August 19th is the date.
European tours.
Summer camps for the kids.
If they are yours.
Me, I never had no kids.
I never had no wife.
August 19th is the date.
To take my life.
August 19th is the date.
Will your church bells ring?
August 19th is the date.
Will the choir sing?
August 19th is the date.
Will the ball games stop?
August 19th is the date.
Will the jazz bands play?
August 19th is the date.
When I go away.
August 19th is the date.
Thunder in the sky.
August 19th is the date.
Scottsboro Boy must die.
August 19th is the date.
Judges in high places --
August 19th is the date.
Still dispose of cases.
August 19th is the date.
Rich people sit and fan.
August 19th is the date.
Who shall rule the land?
August 19th is the date.
Swimmers on cool beaches.
August 19th is the date.
World!
stop all the leeches
That such your life away and mine.
World!
stop all the leeches
That use their power to strangle hope,
That make of the law a lyncher's rope,
That drop their bombs on China and Spain,
That have no pity for Hunger or pain,
That always, forever, close the door
Against the likes of me, the poor,
AUGUST 19th IS THE DATE.
What flag will fly for me?
AUGUST 19th IS THE DATE.
So deep my grave will be.
AUGUST 19th IS THE DATE.
I'm not the honorable So-and-So.
AUGUST 19th IS THE DATE.
Just a poor boy doomed to go
AUGUST 19th IS THE DATE.

AUGUST 19th IS THE DATE.
Can you make death wait?
AUGUST 19th IS THE DATE.
Will you let me die?
AUGUST 19th IS THE DATE.
Can we make death wait?
AUGUST 19th IS THE DATE.
Will you let me die?
AUGUST 19th IS THE DATE.
AUGUST 19th IS THE DATE.
AUGUST 19th... AUGUST 19th...
AUGUST 19th... AUGUST 19th...
AUGUST 19th...

...
written by patti, December 01, 2008
Wow Victor, you have really out done yourself again. Interesting insight on Huges influence on Lorca.

Thanks!
...
written by Victor Marzowicz-Velasquez, December 02, 2008
Thanks. This particular article is the first of several that feel really special to me, because we're getting into the part of the story that I find really cool. And somehow I always have bad timing, with my best articles coming out on the days when there's something big and exciting going down! Hahaha! Well, hopefully the next several will fare better in competing for attention.
...
written by Camellia, December 05, 2008
I'm really loving this site, and this post is a perfect example of why.

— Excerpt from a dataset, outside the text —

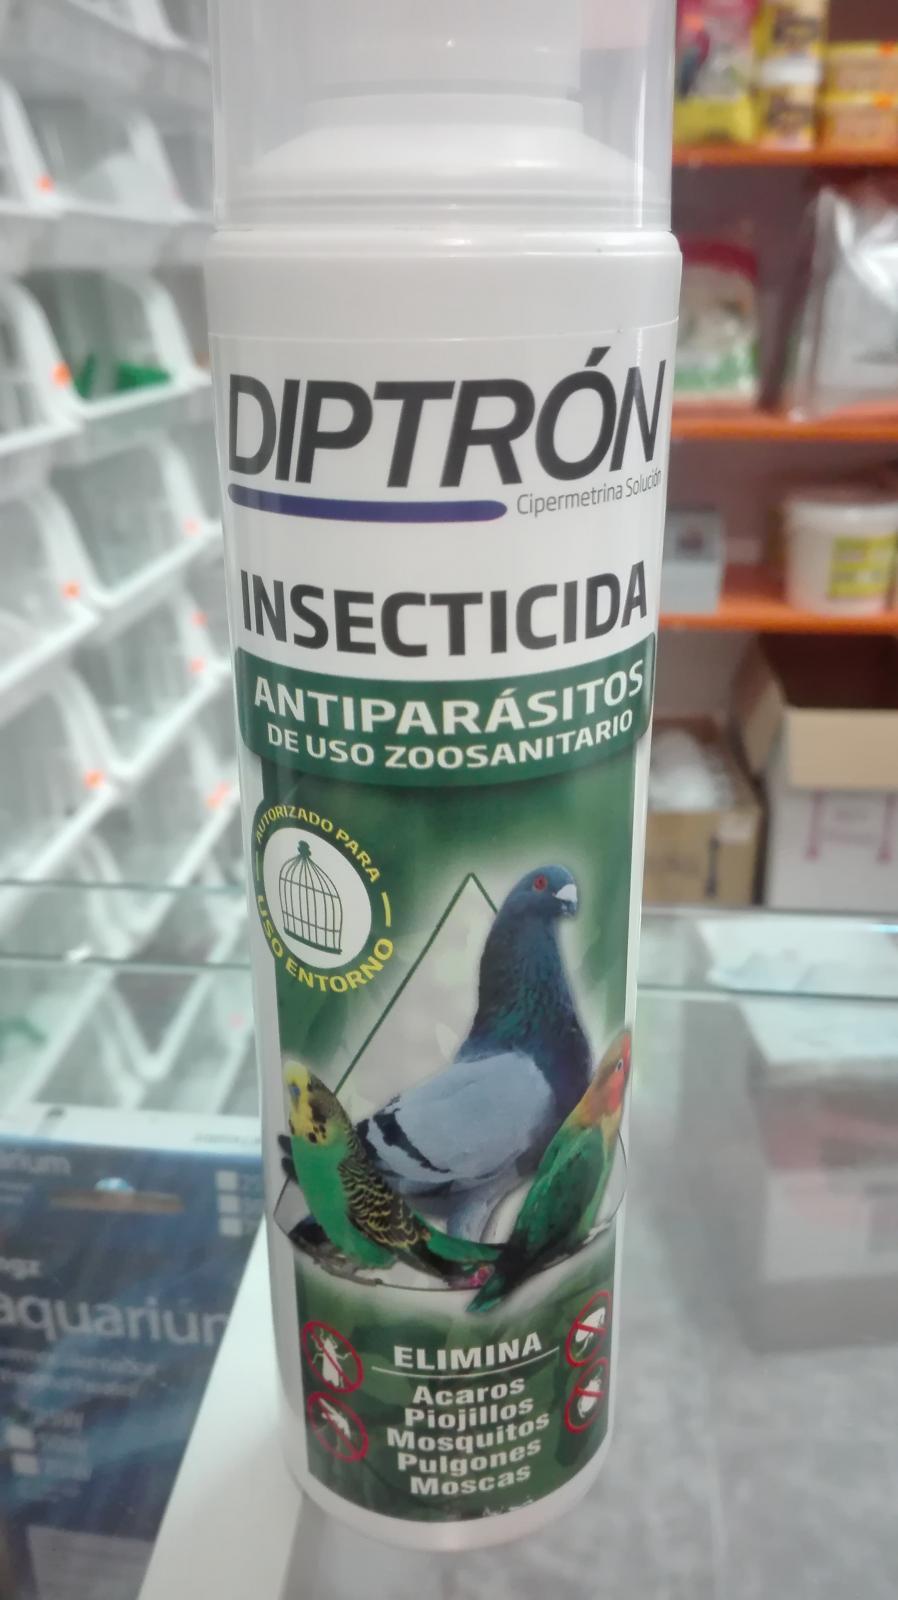 Diptron insecticida antiparásitos 250ML
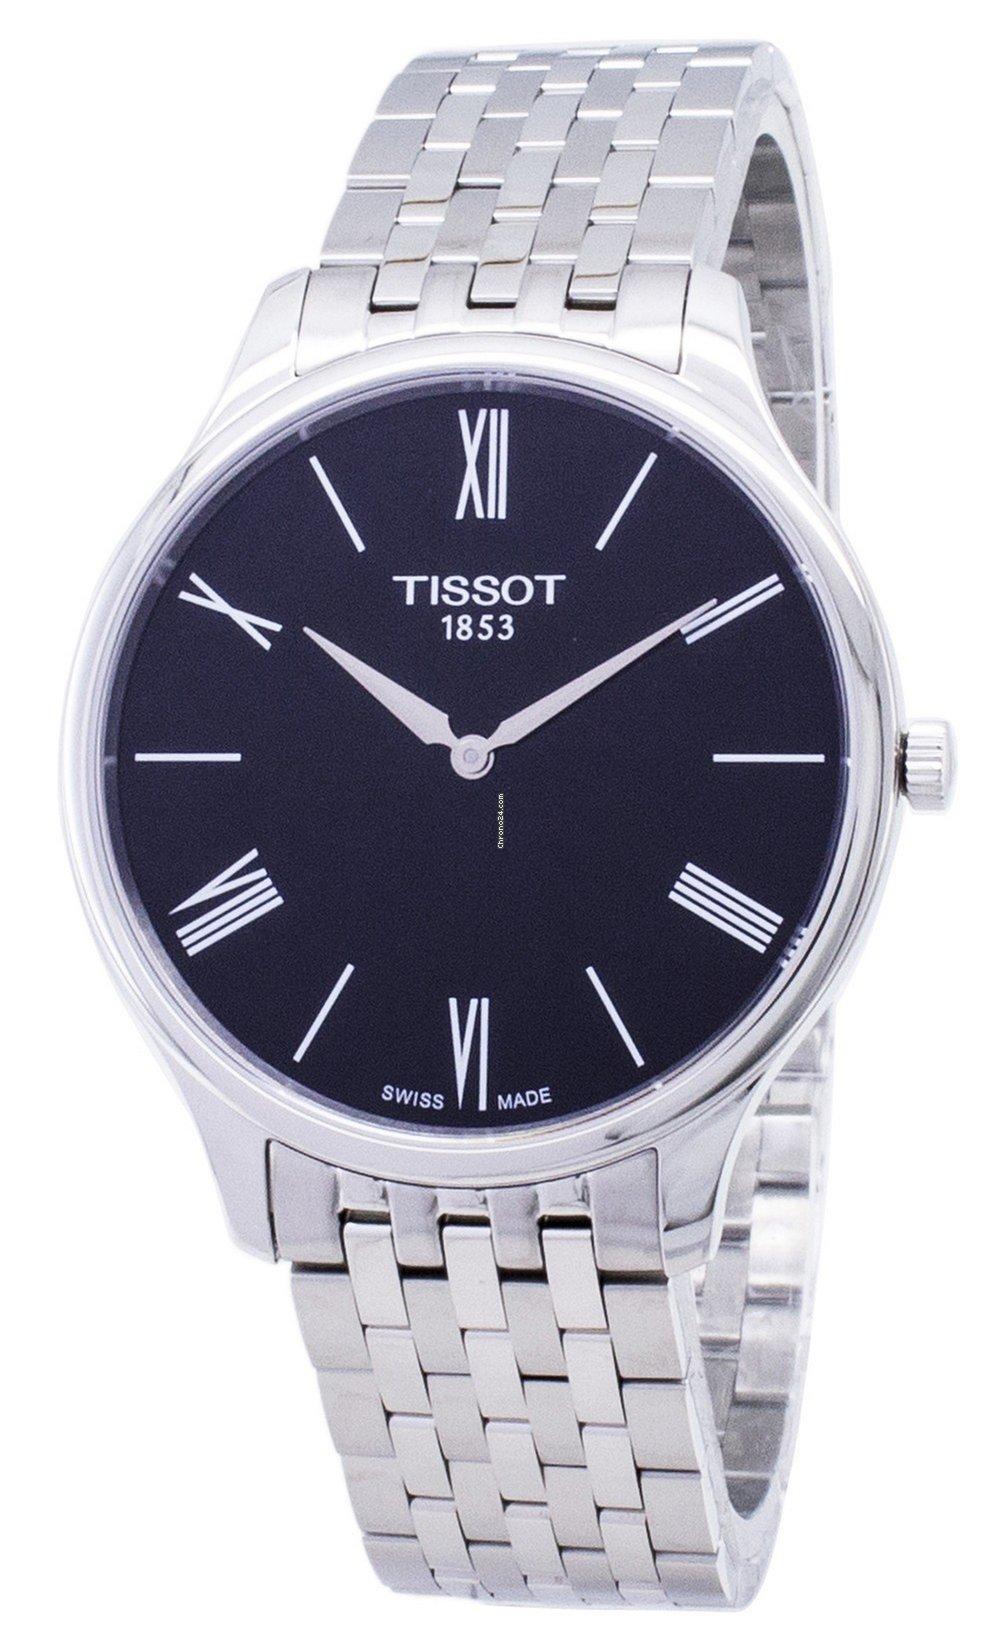 0e31c5617cb Tissot T-Classic Tradition 5.5 T063.409.11.058.00 T06340911058... voor 301  € te koop van een Seller op Chrono24

I really appreciate the thought that goes into these posts and the obvious love for the topics. This one was especially moving, Victor, and the Hughes poem was just beautiful (I am deeply regretting not keeping up with my Spanish and can't read Lorca's). Thanks for sharing your knowledge!
...
written by Victor Marzowicz-Velasquez, December 05, 2008
Thanks so much. I'm really loving this and learning so much. It's very exciting.

That Lorca poem is one of his most famous, and English translations of it are easy to find online -- just be careful to look for the real title and not the one I guessed at! Ha!